Керженцев молчал. Покачал головой, но молчанья не нарушил.
-Знаешь, Юра — все это выглядит так неправдаподобно, что Вавилон становится реальней, Джйотиш должен преподаваться в школе, а мы должны постоянно куда-то брести. Я задыхаюсь почти всегда. Задыхаюсь и думаю: мог бы я не задыхаться, если бы Вавилон мог быть невозможен. Если бы со следующего этажа, куда мы поднимемся, докурив, не упала Таня. Или не прыгнула. Или ее кто-то не столкнул — это возможно. Но это, - опомнился я. - прерогатива моя, а не твоя — мои вопросы, на которые отвечать мне. А тебе на другой. Так за что вы воевали, Юра? Я дал тебе столько времени подумать. Я столько тебе рассказал и показал — ты сам мог убедиться, ты сам не узнаешь ни единой улицы, что там говорить — вместо Метизного новая многоэтажка, никаких тебе конфликтов с Чумаком, все в прошлом. На подступах к штабу в трубе открыли новый парк неизвестно для кого — чтобы вандалы спустя три дня сломали пьяными ударами две урны, вот тебе протест, хваленая «гражданская позиция» Беленского... Юра! - взмолился я. Меня бросило в жар — я больше не мог говорить. - Скажи мне, дорогой мой лейтенант, посмотри на это, погляди на меня перед последним этажом этой проклятой башни — погляди и скажи наконец, за что вы воевали? Победили ли вы? Отстояли ли этот город и его будущее — нищее, безрадостное, такое, в котором здоровяки вроде Краба просиживают штаны за письмами, а влюбленные в жизнь мальчишки вроде Беленского вынуждены бороться за самих себя — и неизменно проигрывать?! Скажи, скажи мне! - я кричал на него, а он все молча курил. - За что ты воевал? За что находил в себе силы вставать и идти, видеть смерть на кончике сигареты, знать, верить и чувствовать? За что, Юра, ну скажи наконец!

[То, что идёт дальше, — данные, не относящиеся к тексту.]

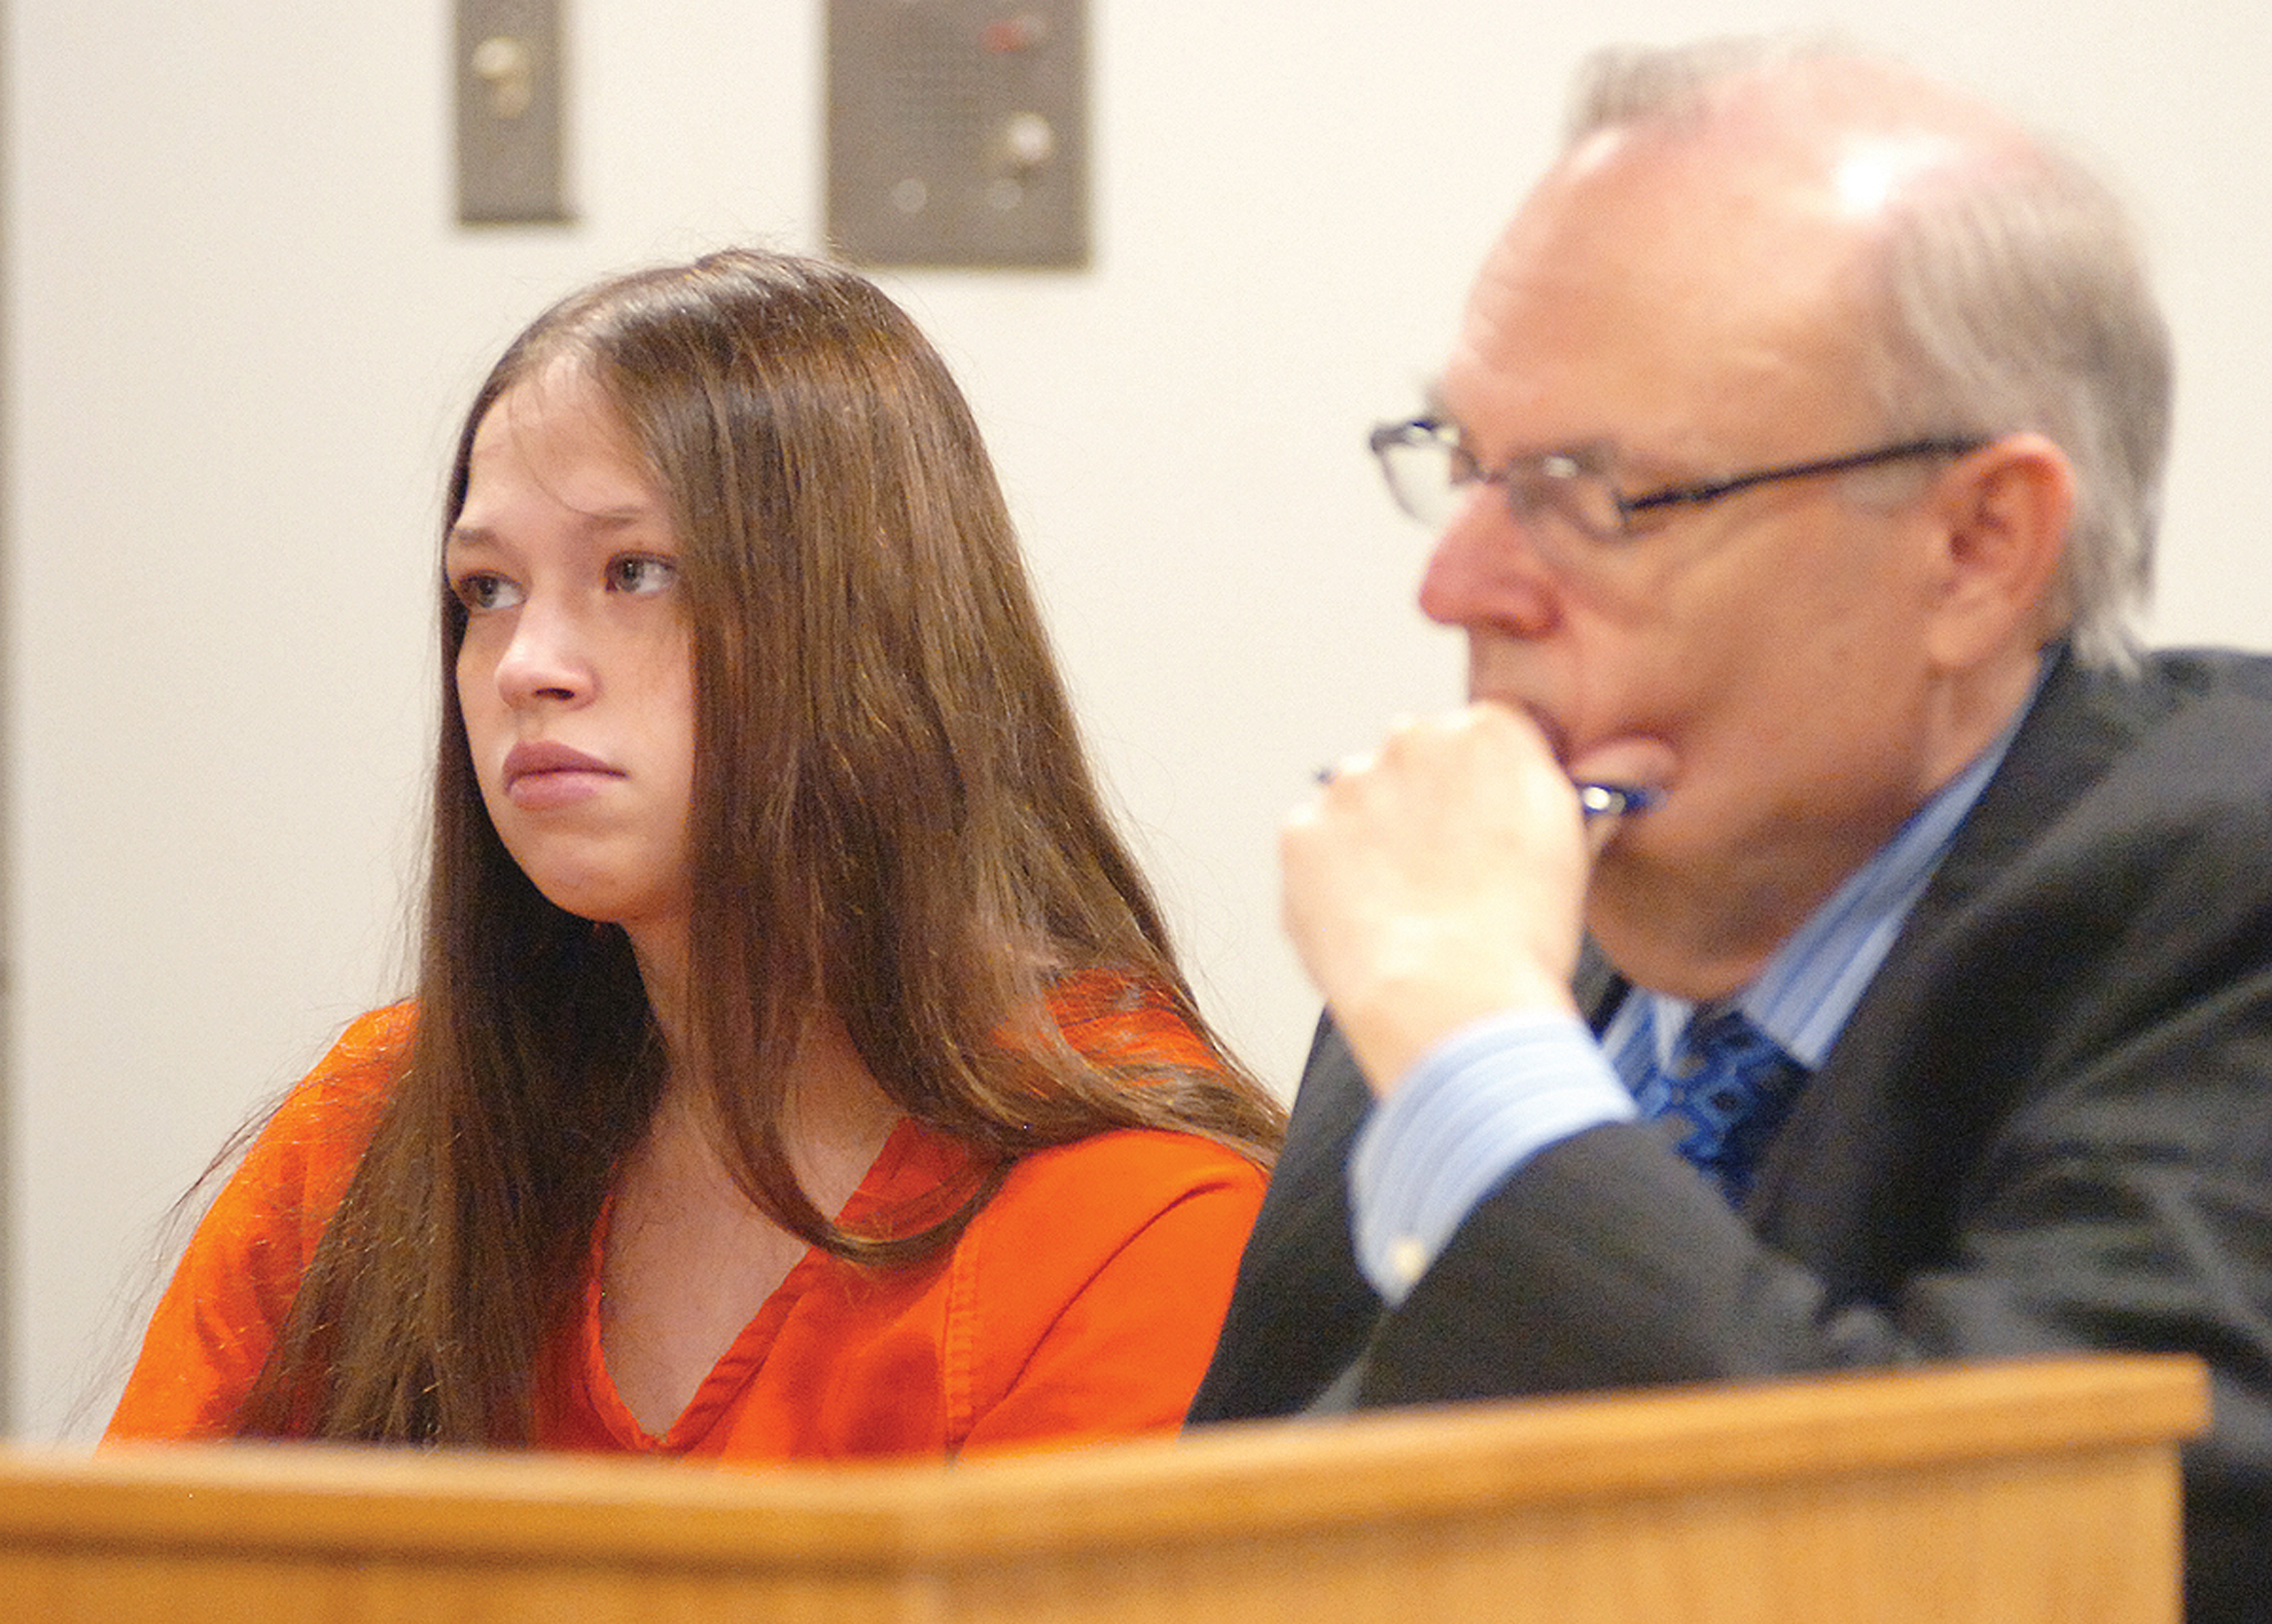 Brittany Pilkington appears for arraignment on three capital murder charges with her attorney Marc S. Triplett in Logan County Common Pleas Court in Bellefontaine, Ohio, on Aug. 26, 2015. Pilkington is charged with suffocating her three sons over a 13-month period. (Joel E. Mast—Bellefontaine Examine/AP)

Мы долго еще молчали. Он прошелся, пнул ногой камень. Улыбнулся как-то криво, поправил очки. Сказал:
-За мой Киев. За то, чтобы и здесь он был.
-О, я говорил тебе про Киев! - горько вскричал я. - Говорил про светлый праздник, про сорванные с женщин ленты!
-И я ненавижу тебя за эти новости. - признался он. - Ненавижу всем сердцем: куда больше, чем тех, кто срывал. Ругают не дождь — но мальчишку, что кричит о дожде, когда ты его совсем не ждешь и расслабился в кресле. За что я воевал, Антон? Да как тебе сказать. За вечное — за добро; разумеется, не за твой город, который ты так любишь называть другим городом, разумеется, не за тебя — какой ты теперь. Ты, кажется, упомянул Беленского? Так странно, - сказал он, постукивая костяшками пальцев по стене. На ней схематично был изображен уродливый силуэт с кудрявой головой, чуть ли не в два раза больше остальных силуэтов. - но мне кажется, что за него, пожалуй, я и воевал. А странно это потому, что разговор наш с тобой очень сильно напоминает двух других спорщиков, да еще и одного медика. Беленский не медик?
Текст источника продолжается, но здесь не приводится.